9 thoughts on “Plague and Water

  1. Interesting that it had such a long-term effect on the population with the depletion of a whole age group.Reminds me of the fertility stats: post World War One, fertility dropped to its lowest recorded level, as so many young men had been killed.


  2. This has made my think….if a generation of children was lost, then obviously they wouldn't have any children themselves nor grandchildren either. However, I have read something today (by the South Staffs Archaeology & History Society) saying that the population of Lichfield actually increased during this period, most likely due to immigration.

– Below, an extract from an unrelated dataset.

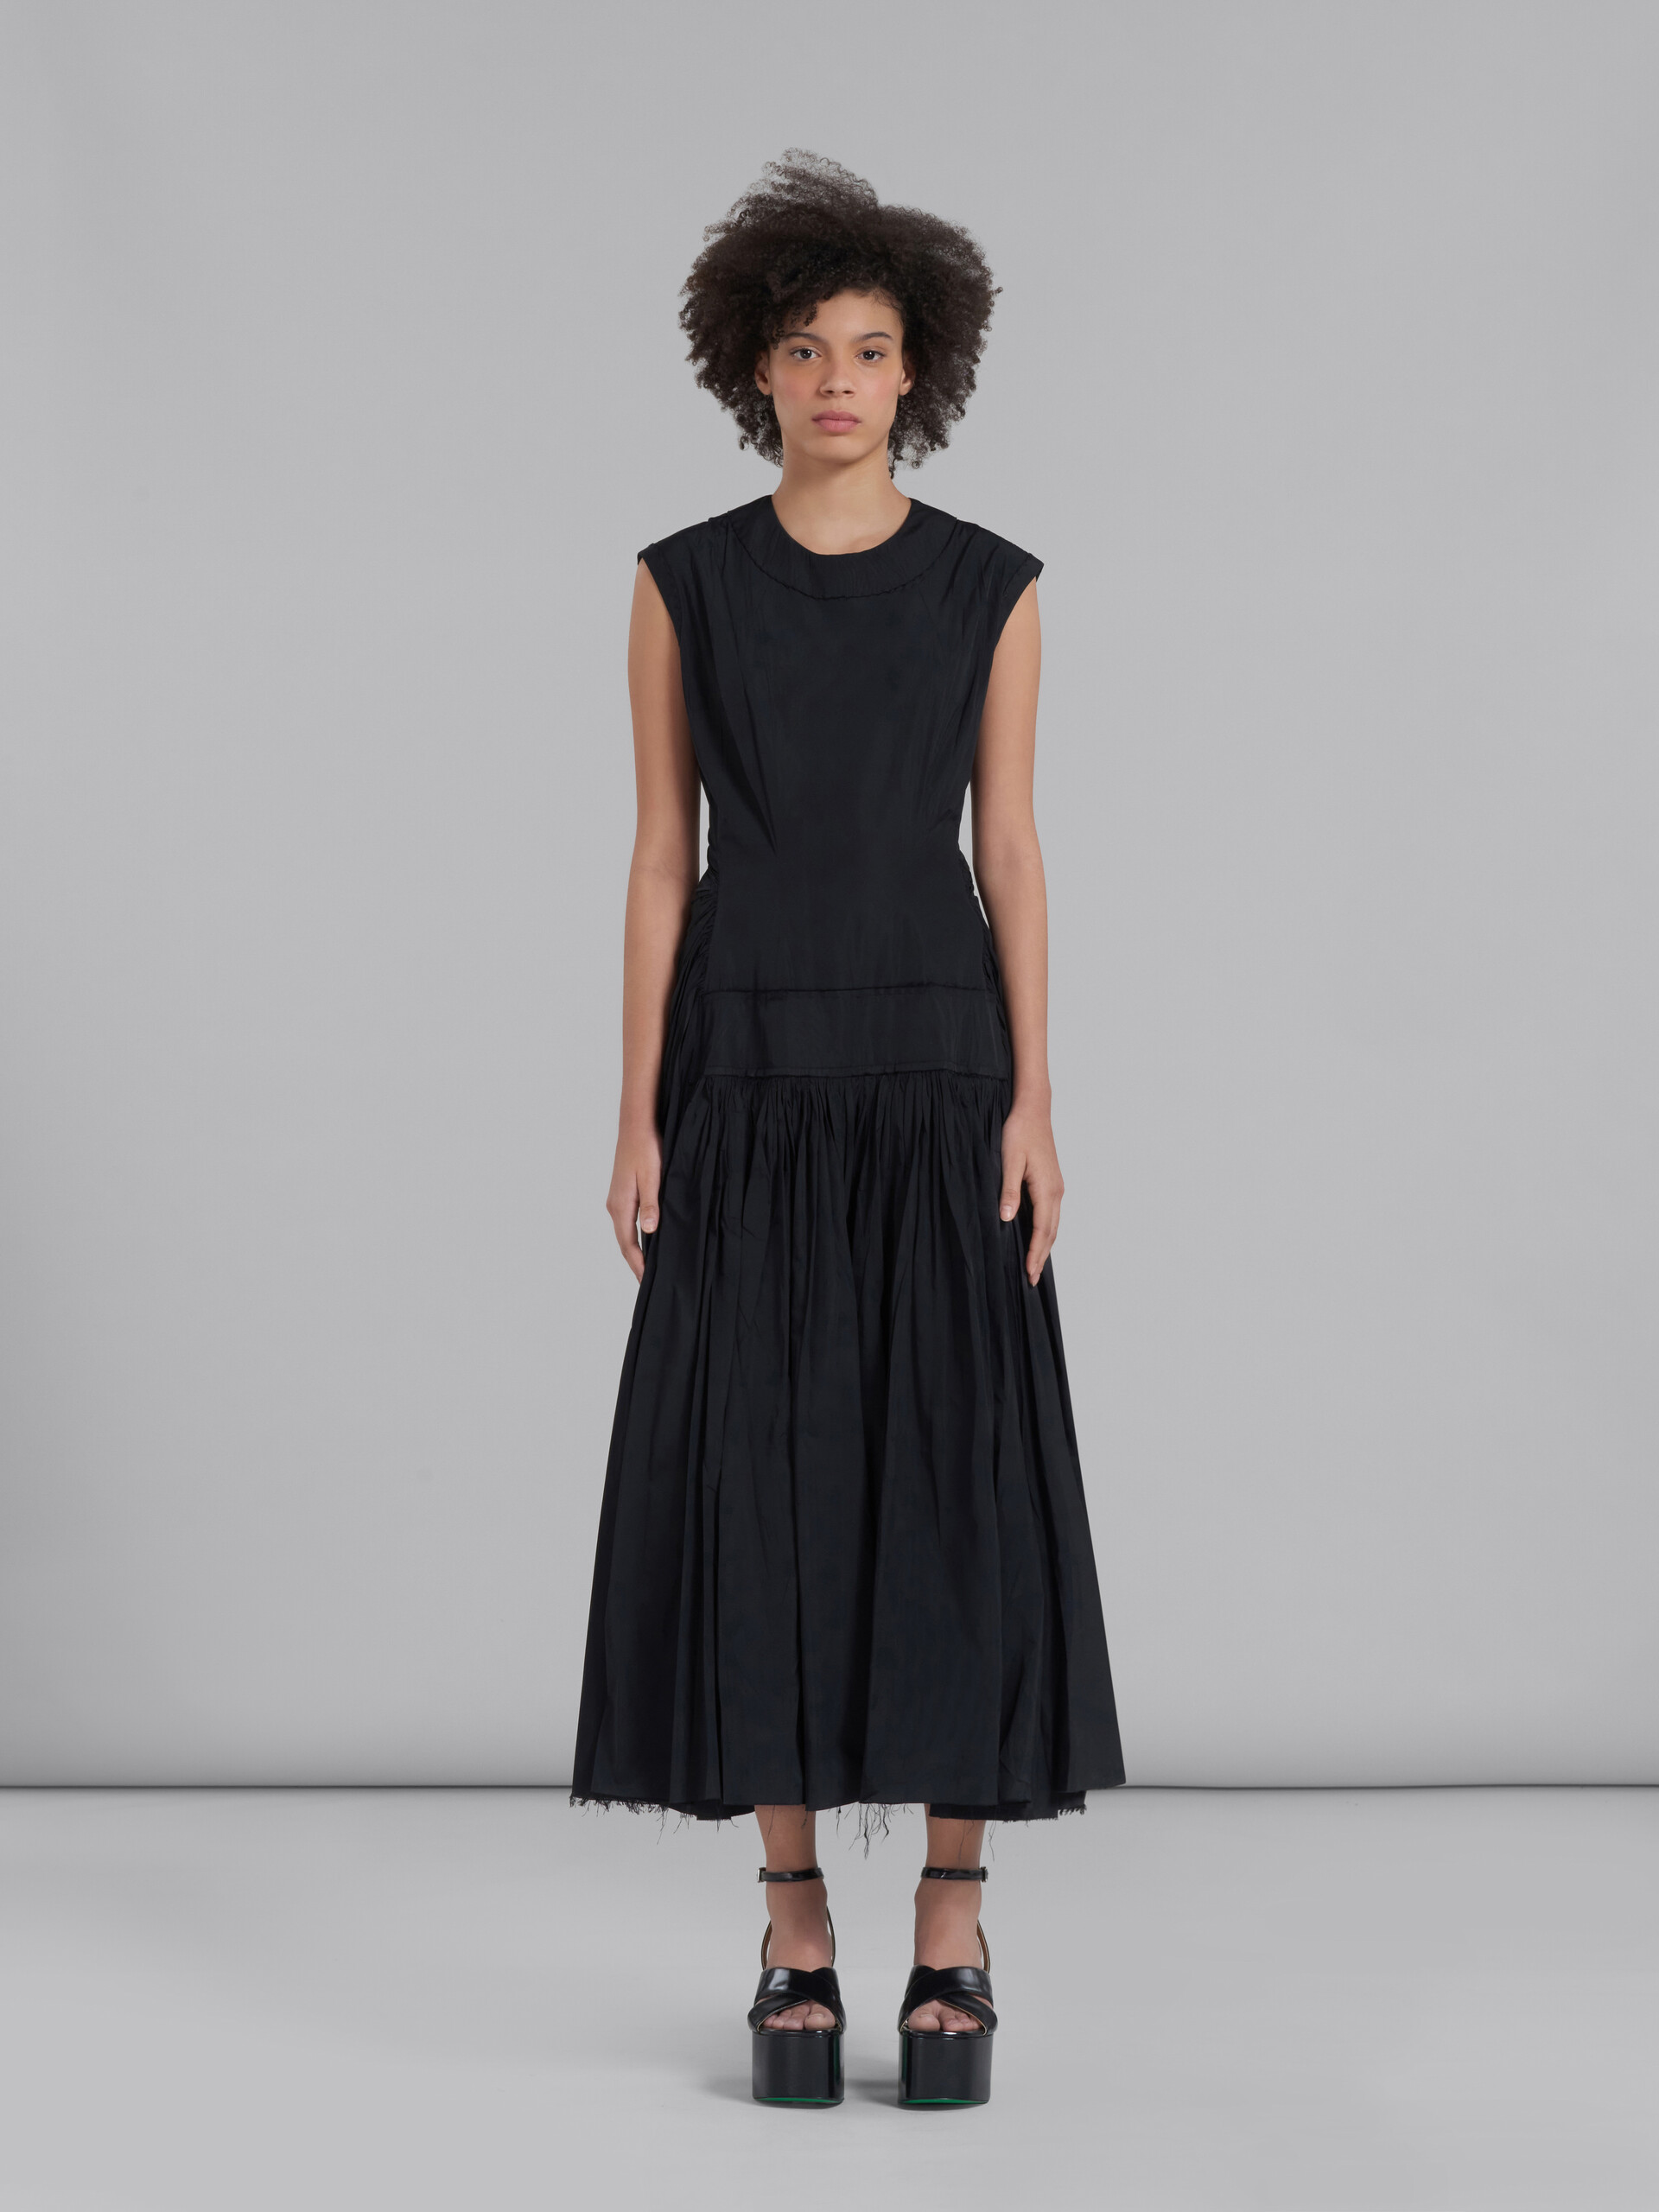 Black taffeta dress with apron front - Dresses - Image 2

  3. Minster Pool was created in 1310 under the orders of Bishop Langton. Although in around 1085 mining for the sandstone for the then Cathedral was done where Minster Pool is today, so part of the Minster Pool dates back to the 11th Century. These sandstone deposits were found during the Victorian engineering of this area. There are two Brooks running through this area, Leamonsley and Trunkfield Brook’s. Opposite the Garden of Remembrance are the memorial gardens more commonly known when I was young as the “Rec” abbreviation for recreational, although some people call it the “Wreck” due to the statue of Captain Smith and the Titanic. In the area where there is a statue of Captain Smith was the Bishops Fish Pool which was quite large (Minster and Bishops Pools were formed when the original medieval bridge was built and split one pool in to two). In the Victorian era the old bridge which stood since the medieval period was replaced with the one found today and the Bishops Fish Pool was filled in with deposits from the dredged Minster Pool.

    I think there was a legend that the bodies that were buried were done so outside the City walls so to protect those within the City walls.


    • I didn’t know it was referred to as the Wreck! Again, there’s no subsitute sometimes for local knowledge!
      I did wonder what had happened to those who died of the plague. I also wonder if there are any photos of the old bridge? Thanks for the information!


  4. There is a painting of the old bridge on the Staffordshire Past track, but no photos no one had a camera in the early 19th Century lol


  5. Pingback: Elegy Written in a Lichfield Churchyard | Lichfield Lore

  6. Hi, I wonder if you could help. Back when I was a nipper at Sunday school some one told me that the meaning of Lichfield meant “field of death”. Due to the out break of the plague. A bishop arrived at the out skirts and just saw fields of dead people and that is how the city got it’s name. Is there any truth in this??


    • Hi Ian! The ‘Field of the Dead’ explanation for the name has always been popular and ties in with a legend that there was a massacre of Christian Martyrs at Christian Field. There are variations on the legend. Some say there were a thousand martyrs, others say that there were three Christian Kings involved and that they are buried at Borrowcop Hill. The legend is depicted on the city seal, which can be found in all sorts of places including the railway bridge at St John Street, the Guild Hall and the Martyrs’ Plaque in Beacon Park. However… there is no evidence at all for the legend and place name experts believe that Lichfield actually means something more like ‘Field by the Grey Wood’. It’s interesting that you were told yet another version of the story, and one I hadn’t heard! It’s a great bit of folklore though!